Laut Statistiken der Mobbing asbl. nimmt die Zahl der Fälle von Mobbing am Arbeitsplatz zu. Allein im ersten Halbjahr hat die Vereinigung doppelt so viele neue Dossiers angelegt als im Vorjahr: 107 gegen über 54. Das geht aus dem offenen Brief hervor, den die Vereinigung an die neun Parteien gerichtet hat, die sich am 20. Oktober dem Wähler stellen. In zwanzig Fällen hätten die Betroffenen Selbstmordgedanken geäußert, fünf Personen hätten bereits einen Suizidversuch getan, so die Mobbing asbl. . Sie fordert von der neuen Regierung ein Gesetz zur Bekämpfung von anhaltender Schikane am Arbeitsplatz einzelner Beschäftigter sei es durch den Chef oder die Arbeitskollegen.

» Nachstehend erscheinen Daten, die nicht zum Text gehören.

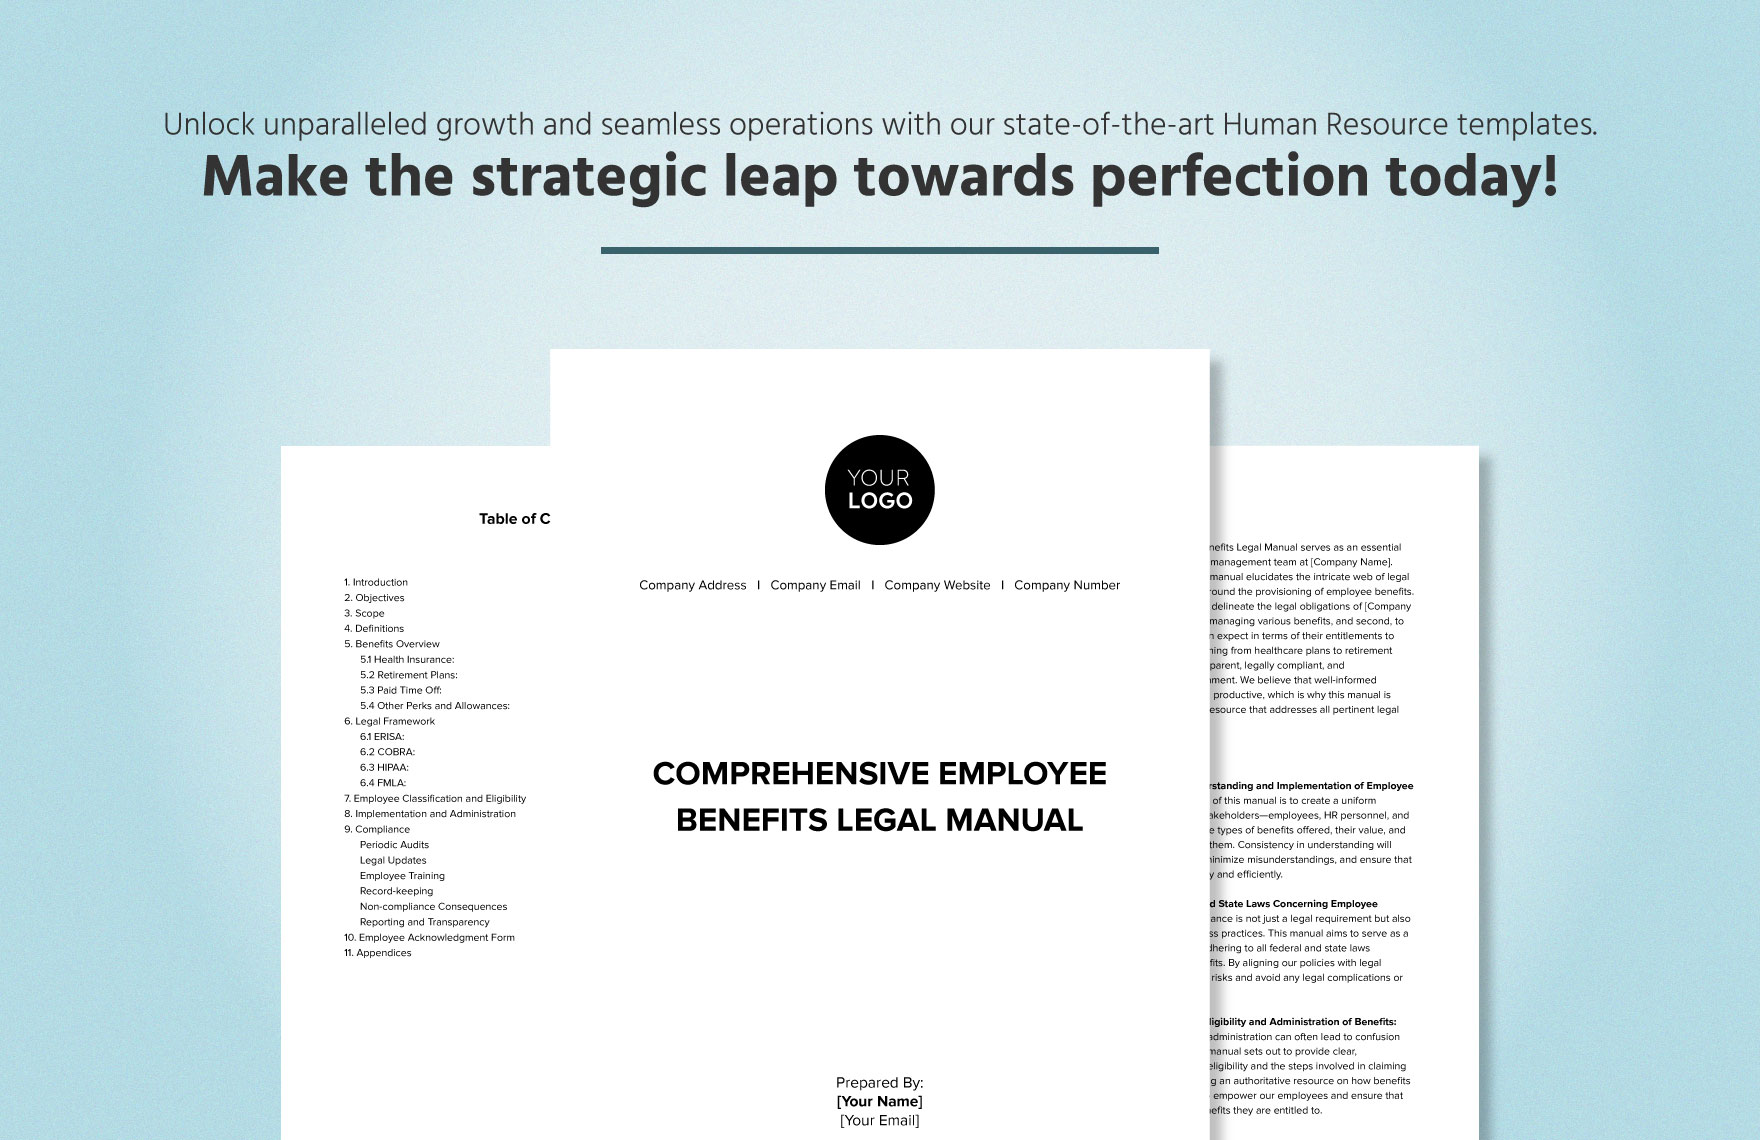 Comprehensive Employee Benefits Legal Manual HR Template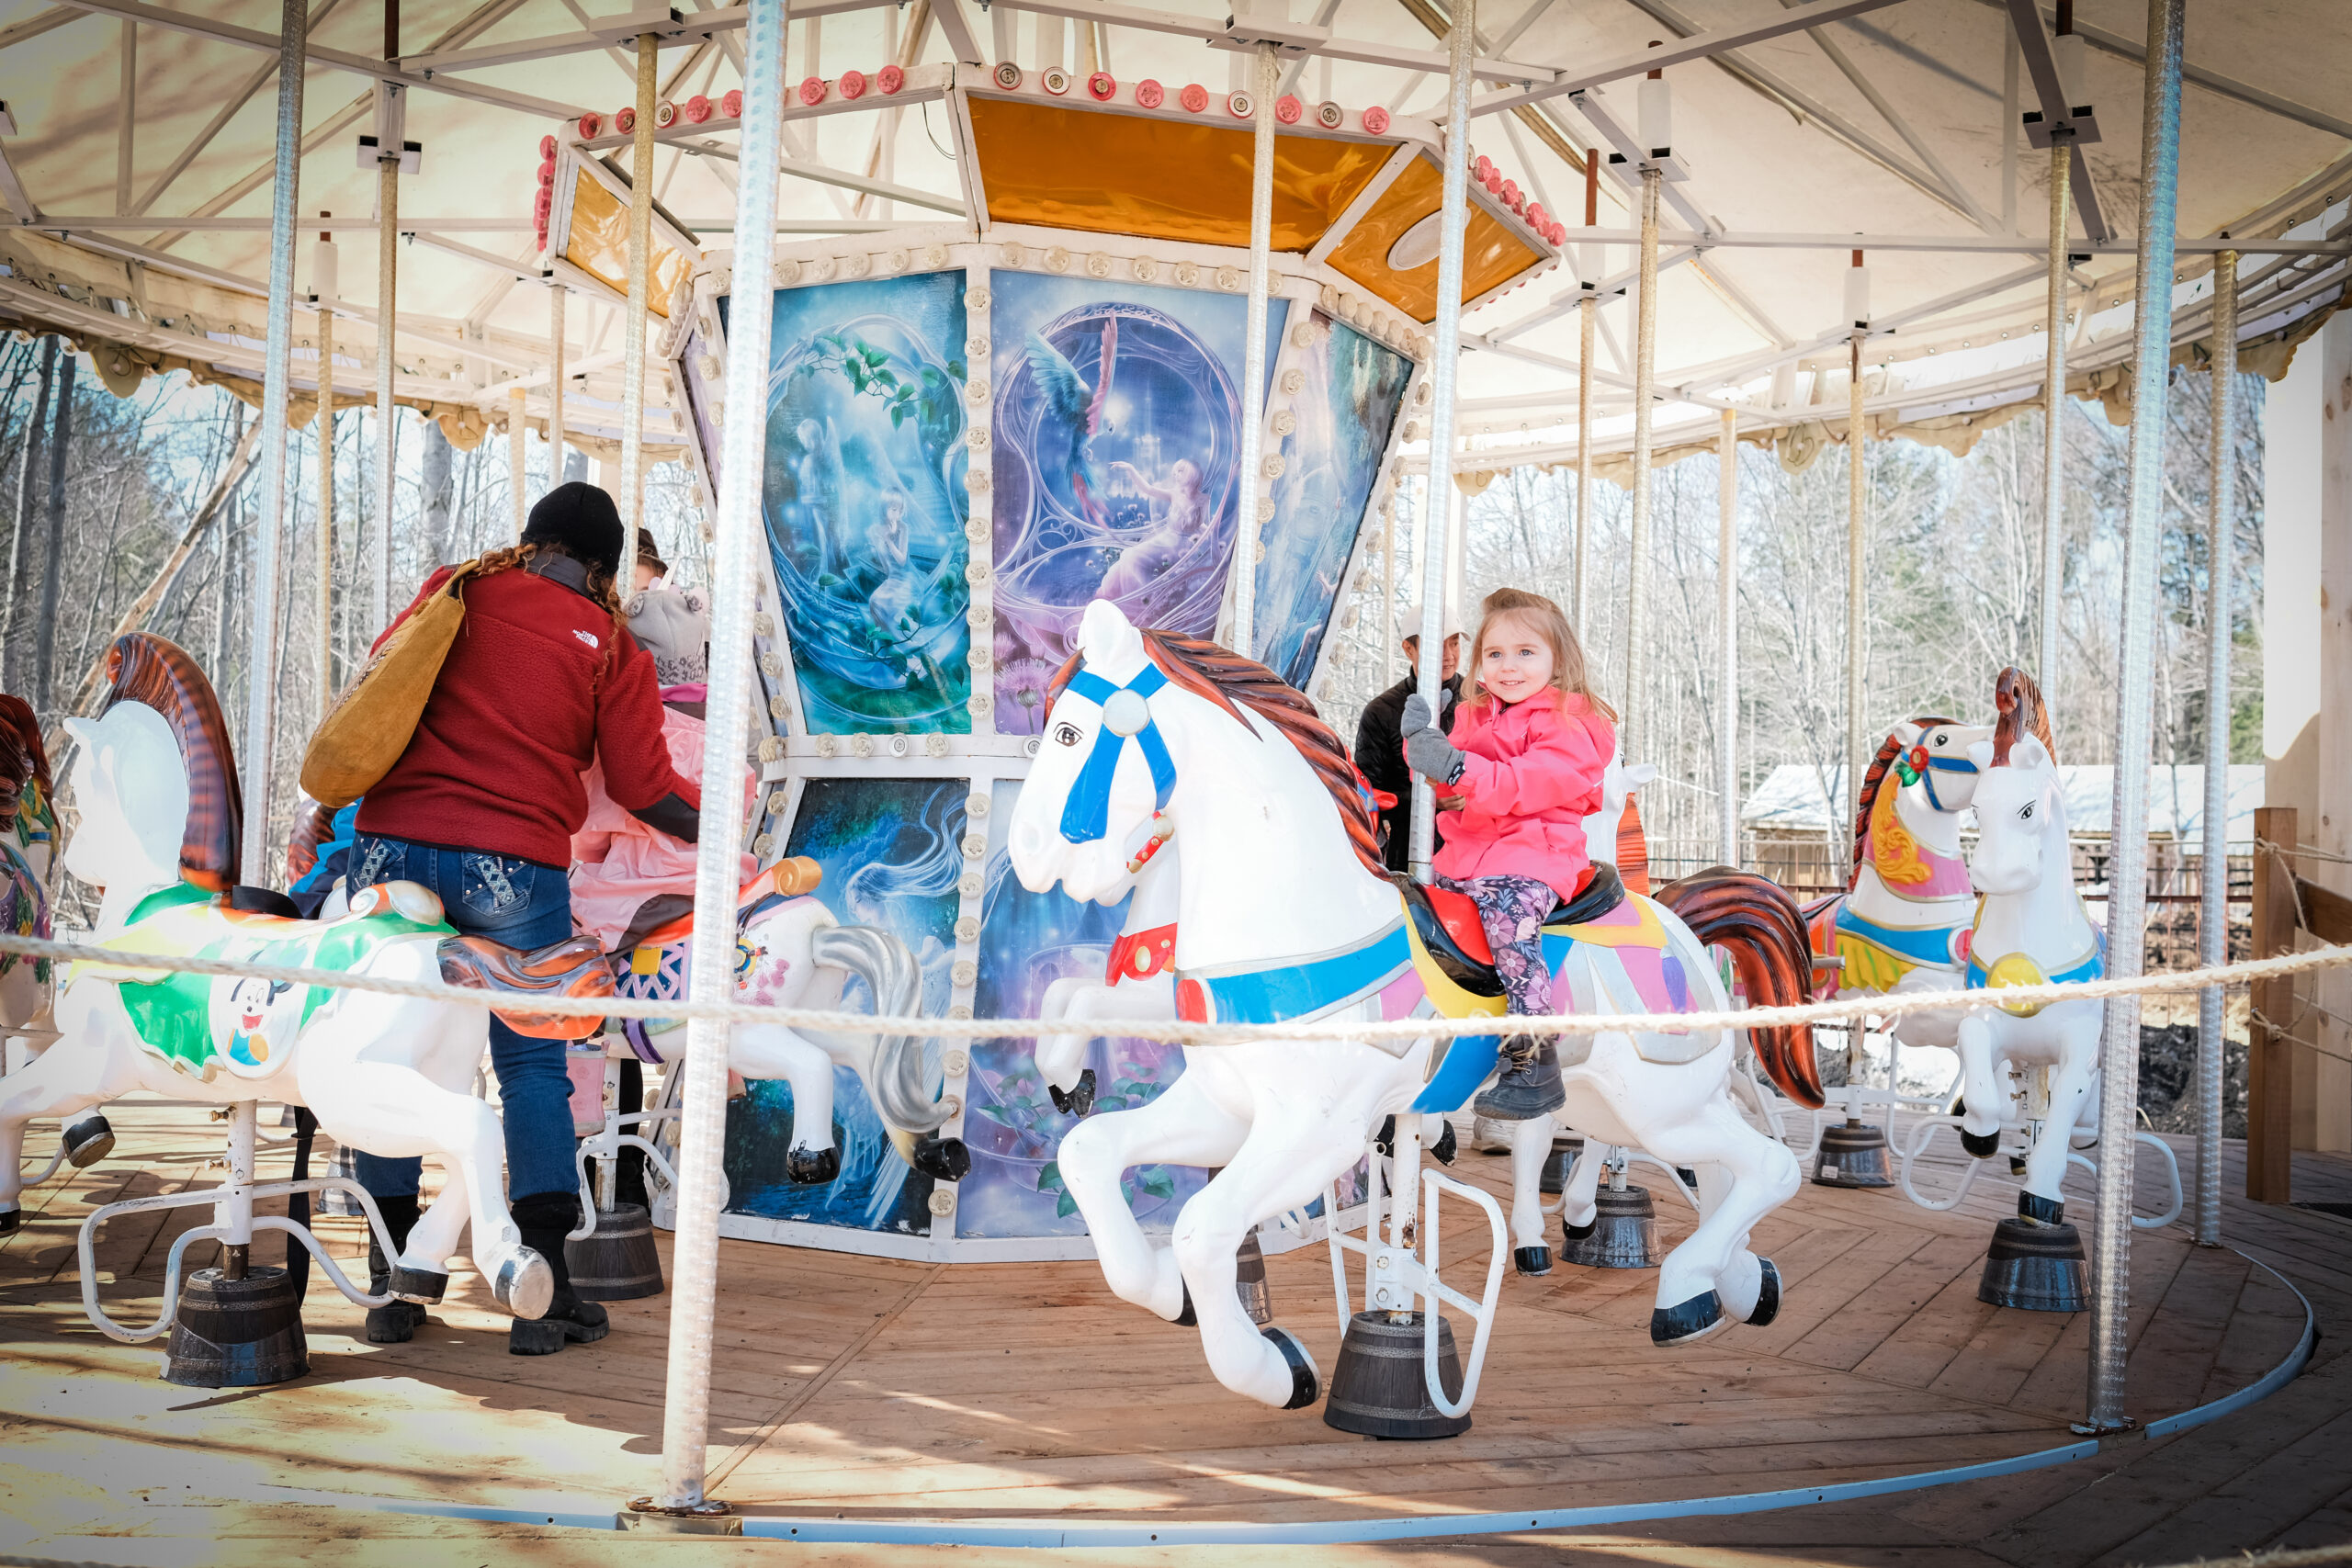 A child on the carousel

Seit ihrer Gründung vor 15 Jahren wurde die Asbl eigenen Aussagen zufolge von 20.180 Personen telefonisch kontaktiert. Zu Gesprächen empfangen wurden 3.628 Betroffene. In 1.438 Fällen sprach die Vereinigung im Betrieb vor, um gemeinsam mit dem Unternehmen nach einer Lösung bei Mobbing-Fällen zu suchen.